Why Do We Measure Things?
It is important to help us obtain information about the individual to establish a baseline of performance, measure progress, predict future performance, and to identify or measure specific traits or behaviors. Basically, the assessments help to inform our treatment plan and help us understand if what we are doing works.
The other thing I think is really important, particularly with kids, is that the eval session is often our first contact with the patient. It is important that we are establishing rapport and an expectation of how the sessions are going to go based on this evaluation session. What makes this really hard, especially in pediatrics, is that there is a lack of accessible, valid, and reliable tools. Often therapists resort to making their own tools or rely exclusively on parent report.
Standardized measures help us objectify our clinical judgments. They make sure that we are all speaking the same language, and that we are then able to compare the results of these assessments across patients, time, and clinics.
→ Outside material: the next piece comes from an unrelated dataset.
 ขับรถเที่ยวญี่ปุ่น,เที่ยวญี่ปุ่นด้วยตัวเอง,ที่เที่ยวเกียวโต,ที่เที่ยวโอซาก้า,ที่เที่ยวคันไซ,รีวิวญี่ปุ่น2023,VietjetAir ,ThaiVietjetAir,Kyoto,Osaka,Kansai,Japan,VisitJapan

Again, it gives us a way to compare and really judge whether or not what we are doing is working.
We also have a responsibility to make sure that our patients are benefiting from treatment and that we are using their resources appropriately. It is not okay to bring a patient in for months of therapy and not know if you have really helped them. Your third party payer, parents, and administration are not going to like it. There is also this mantra in rehab that if you did not document it, it did not happen. We might feel like our patients are getting better and making some changes, but if we are not able to measure those and document appropriately, then it is as if it did not happen. This is particularly true when it comes to third party payers and in this environment of stringent compensation.
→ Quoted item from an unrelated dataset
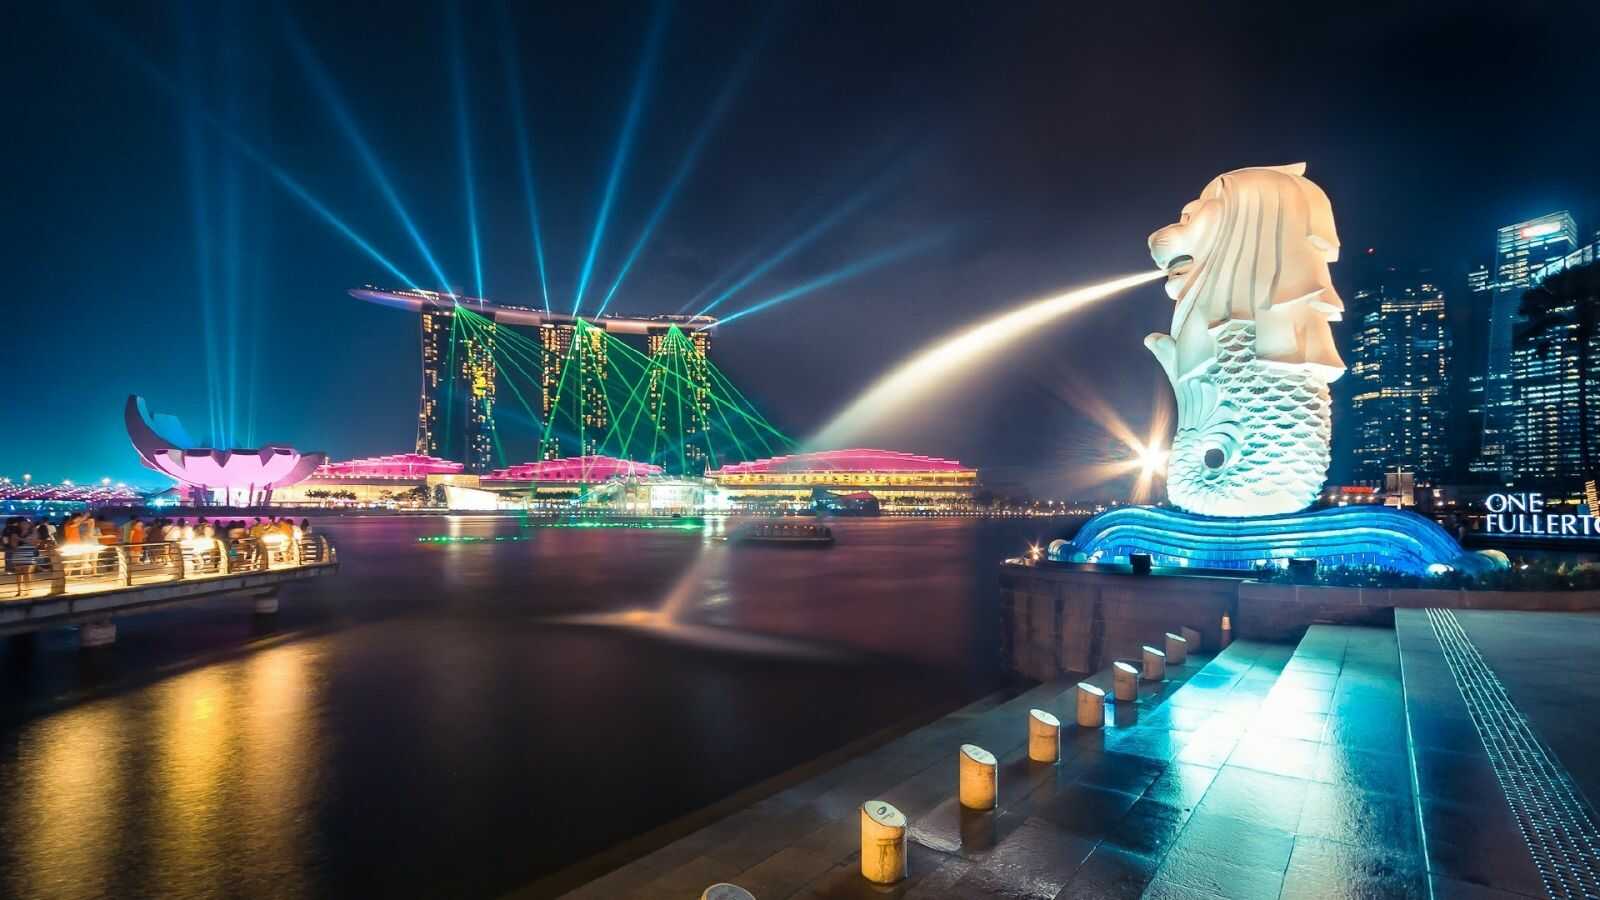 Tour du lịch Singapore - Malaysia Tết Nguyên Đán 5 ngày 4 đêm từ Sài Gòn

Data-Driven Decision Making
As good clinicians, we need to make evidence based data driven decisions.
Figure 1. Data-driven decision making algorithm.
Roseann Schaaf has proposed this data driven decision making algorithm. The first step is to identify participation challenges and goals. These really should come from your families and the patients themselves. We then describe the current level of a patient's functioning and identify the factors affecting participation. This is often done through your observation of a patient and your initial contact. You would then conduct the assessment. Your selection of the items that you are assessing is important as noted by steps 1 through 3 and should be standardized and systematic.
In conducting this assessment, you are going to identify the strength and barriers for your patient. These are both individual and environmental. Next, you will generate a hypothesis. What do you expect to change and how do you think that you will enact that change?
Based on this assessment and hypothesis, you will design your intervention. You are going to use the assessment findings to decide what needs to happen for your patients. You are also going to identify the outcomes that you are going to measure over time; both long term and short term outcomes. Conducting the intervention is the easy part. We then collect, display and analyze the data to decide whether or not our interventions are working. Finally we monitor progress.